At that time, we could authenticate ourselves and access data that we were authorised to use. So, what else did we actually need? Especially in – but not limited to – the financial services industry, it was always a requirement to keep an access log, answering the questions of who was reading data or writing data and when that happened. Most database systems can deliver on that. In the meantime, the world of (open source) databases and data storage engines got quite complex and manifold. There’s a data storage system for each use case you could possibly think of: Do you need to archive raw data at a cheap rate and keep it available for processing later? Do you want to do simple, yet low-latency lookups of certain key words and retrieve information associated with these? Do you want to be able to full-text search documents? Do you want to do SQL queries that are not time critical or rather implement real time dashboards? All of those use cases require your data to be stored in different database systems, sometimes the same data is stored multiple times differently in multiple different database systems following the so-called polyglot persistence architecture. All of those different systems have a way of authentication, authorisation and audit and all of them work similarly, but are more or less different. And exactly this makes it insanely complicated to administrate: they are many different systems with their own implementation of “Security”.

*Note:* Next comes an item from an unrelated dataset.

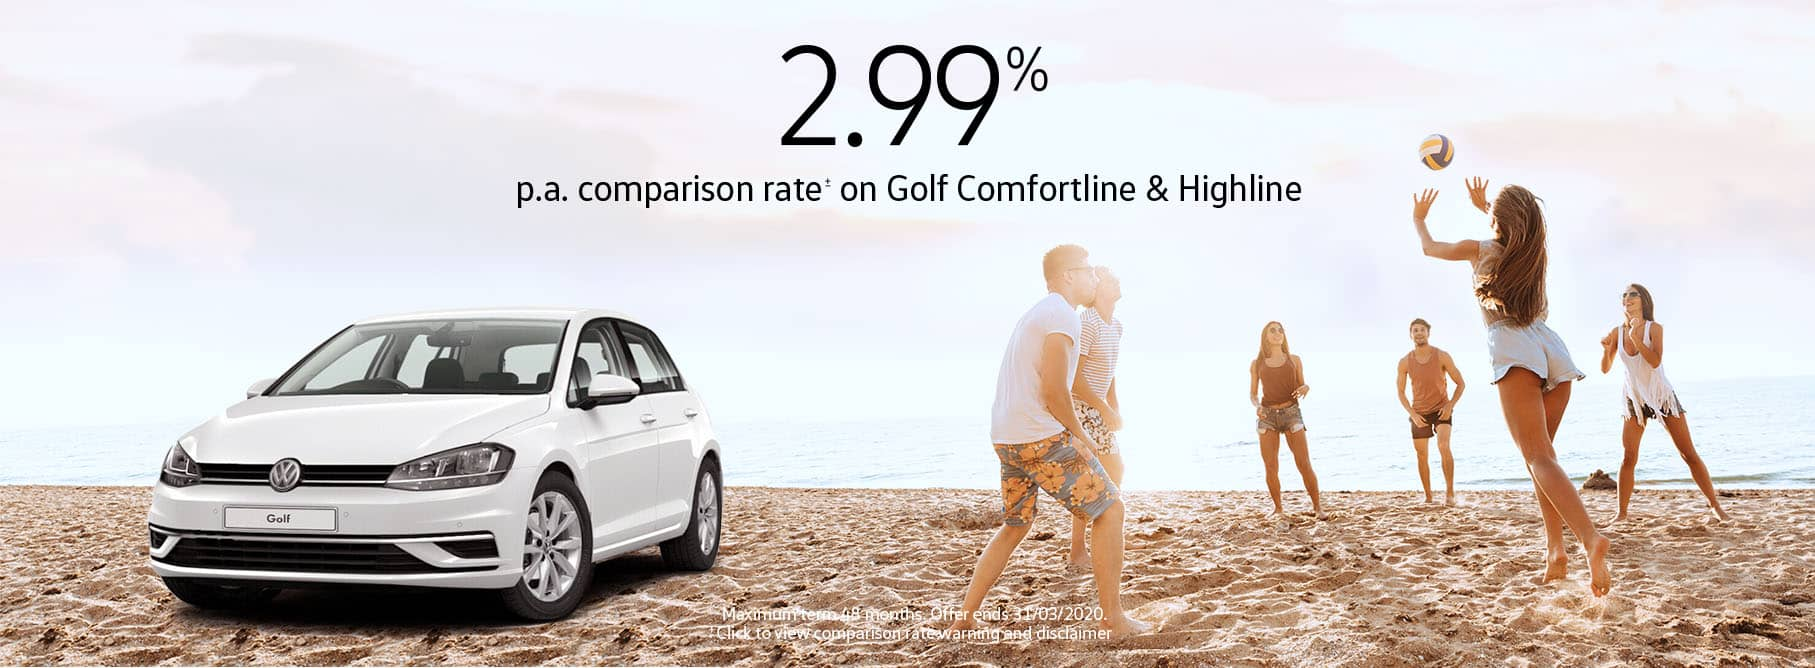 2.99 Comparison raate Golf Comfortline and Highline

One Service to Secure them All – Problem Solved!?

Retrospectively, the next possible development was as necessary, as it is now obvious. We needed services that could administrate authorisation and collect audit logs in a single point. The development of tools, such as Apache Ranger and Apache Sentry was initiated. It was suddenly easier and more scalable to manage role based security access policies across multiple database systems, also referred to as role based access control (RBAC).

Iron Age: Why Data Lakes are not Necessarily Like Wines (1-6 Years Ago)

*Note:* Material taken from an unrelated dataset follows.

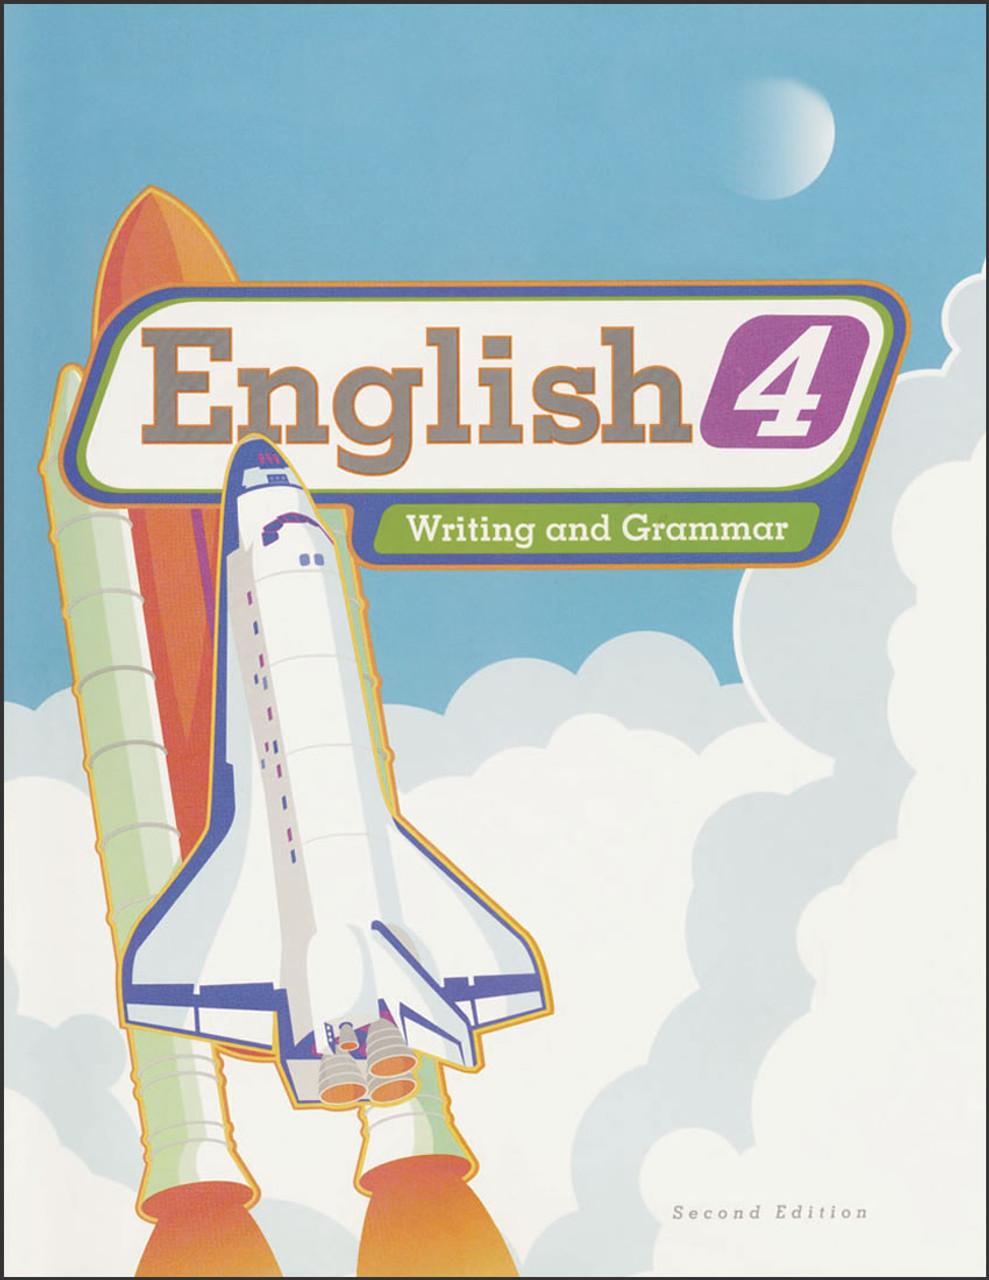 English 4, 2nd edition

While security was one problem that seemed to be fixed, companies wanted to answer more questions about their data – especially because the risk of losing data or data in a data lake becoming worthless was imminent, if they didn’t. These questions were:

  • Where does my data come from? (Lineage)
  • What are the processing steps of the data I’m using?
  • Who owns the data I’m using?
  • Who is using the data I own?
  • What is the meaning of the data sets available in a data lake?

If you couldn’t answer these questions, while you were still on-boarding new data sources on a daily base and continuously granted data access to new people, you soon had a problem. You had a data swamp. [Play ominous music in the background while reading the last sentence].

data swamp is a deteriorated and unmanaged data lake that is either inaccessible to its intended users or is providing little value.

Wikipedia

Data Lakes are less like wines, that become better with age, but more like relationships, that become better if you take care of them. [At least that’s what people who have friends tell me].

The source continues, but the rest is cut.